Когда я в позапрошлом августе появился в Москве, Климки еще не было, и у Егора Никитича я был за главного племянника. Жил у него в Воронцовском, любил его, как дворняга. Словно кость, каждое слово ловил. Старику нравилось. Хотя любовью он как раз не обижен. Вся Москва его на руках носит, особенно с осени, когда поспевает картошка. Артисты, живописцы, всякая шантрапа от искусства шатаются в гости с рюкзаками и уходят груженые. А весной Нефедовы сидят пустые.
Весной на рынке к картошке не приценишься.
Анастасия Никитична, Климкина мать, сестра старика, скрип разводит. Но на чужих не больно разойдешься. Они «мешочек» на плечико, и пишите письма… А я вроде свой…
Анастасия меня сразу невзлюбила. Еще на Казанском вокзале, когда они с Климкой вернулись из Куйбышева. Там Климка, хромой и глухой, чинил в Совнаркоме телефоны, когда все, кроме Сталина, из Москвы выехали. Анастасия сунула мне на вокзале два не то баула, не то мешка — тяжелые, руки оторвешь!
— Тут керосинки, кастрюли, — говорит. — Пропадет — не так страшно…
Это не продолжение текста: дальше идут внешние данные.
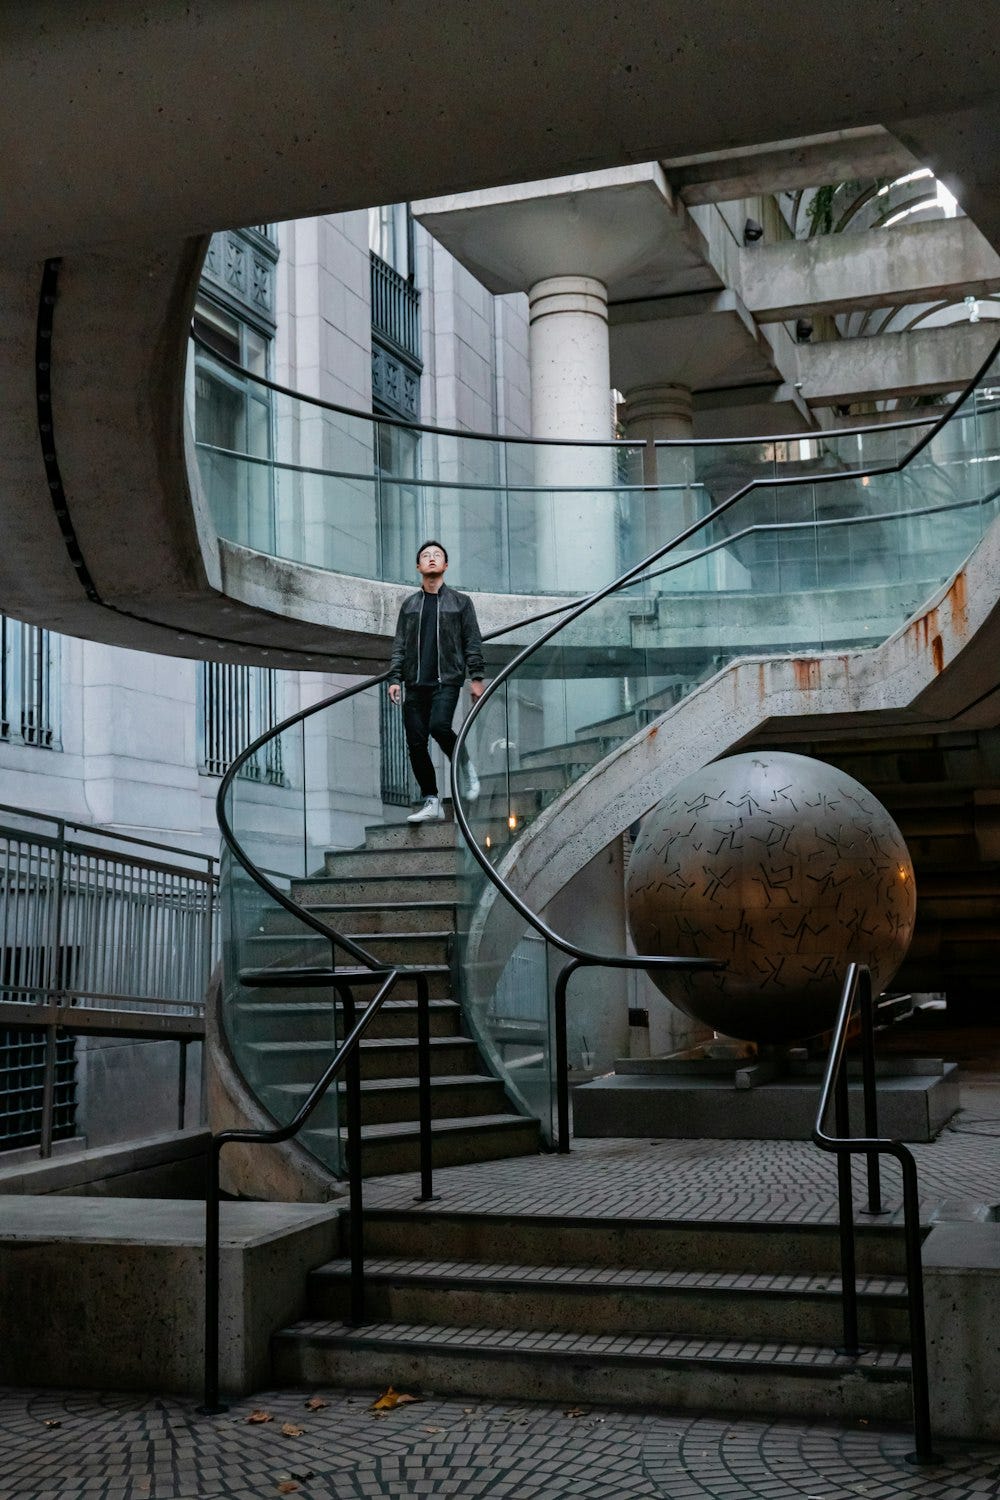 Descending a spiral staircase, a man is accompanied by a captivating circular globe embedded in the ground to the right as he reaches the end of the stairwell.
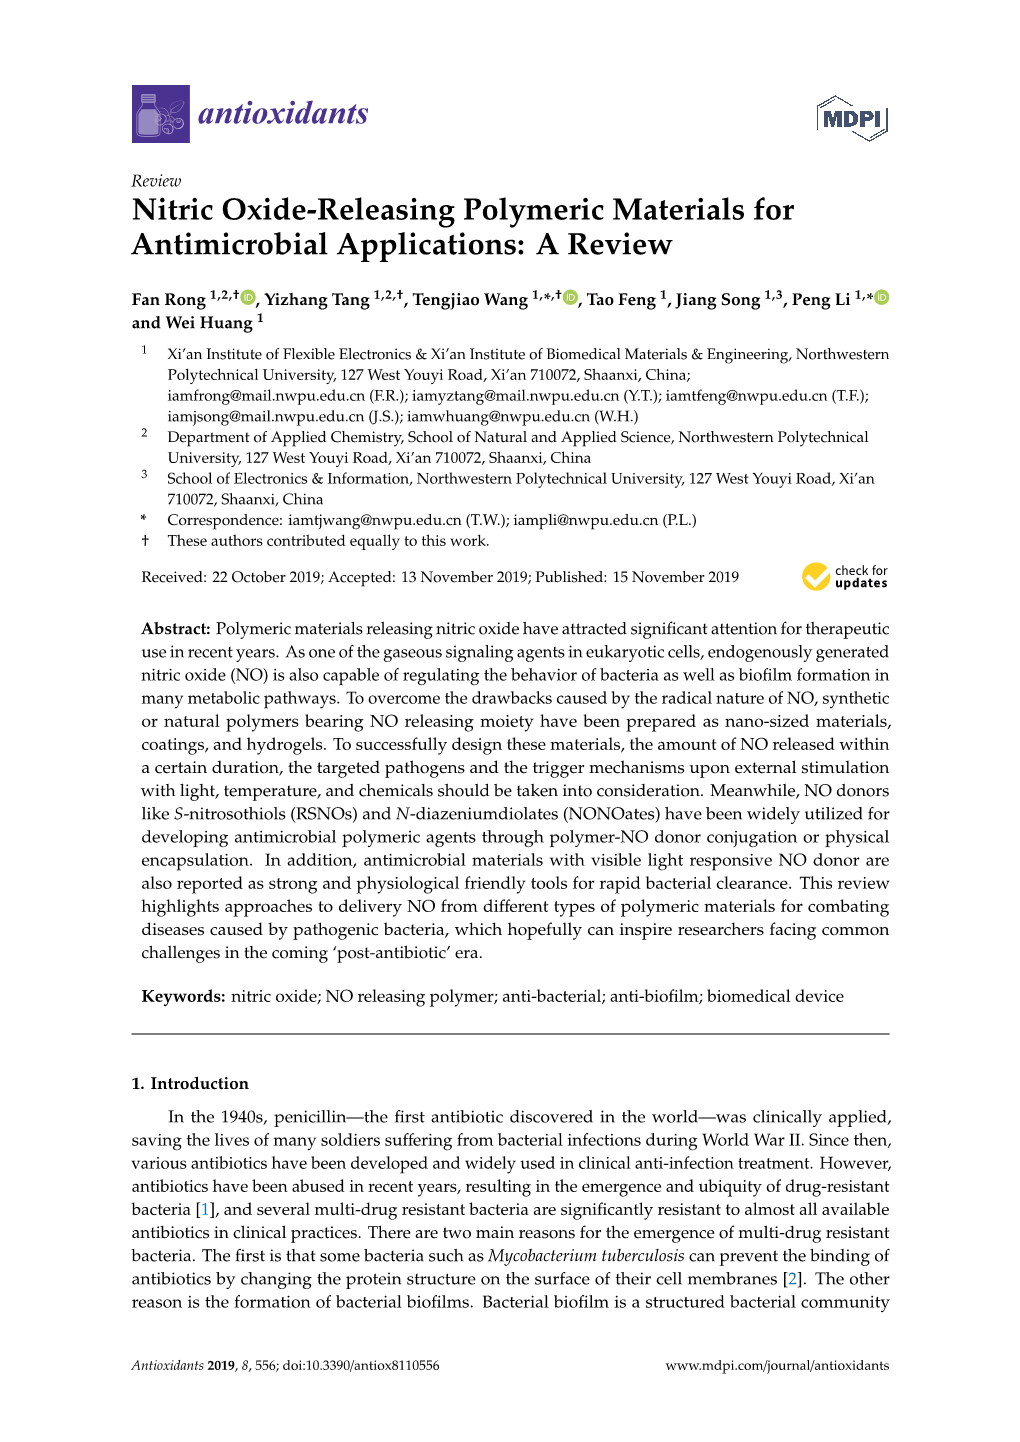 Nitric Oxide-Releasing Polymeric Materials for Antimicrobial Applications: a Review

И всю дорогу выспрашивала: часто ли езжу в Воронцовское, и много ли картошки уродилось, и сколько за раз уношу. С тех пор и повело… В молодости она, может, считалась красавицей, но жизнь тяжелая: муж пропал по Промпартии, сын убогий, своего угла нет — и от красоты ничего не осталось. А меня увидит — просто чернеет, как последний блин на сковородке, на который жиров не хватило:
— А мы уже обедали!
Или:
— А мы сегодня без обеда.
Александра сто раз ее обрывала. Но для Анастасии она — молодежь… А дядька смеется:
— Не слушай. Сестра шутит.
Ничего себе шутки. Климка всю сковородку зачищает, а я с тарелки осторожно ем. У него или брюхо без дна, или просто не слышит, что надо жевать аккуратней. Но еда — что… А вот месяца полтора назад заварилась такая каша, что Бобров переулок для меня заминировали.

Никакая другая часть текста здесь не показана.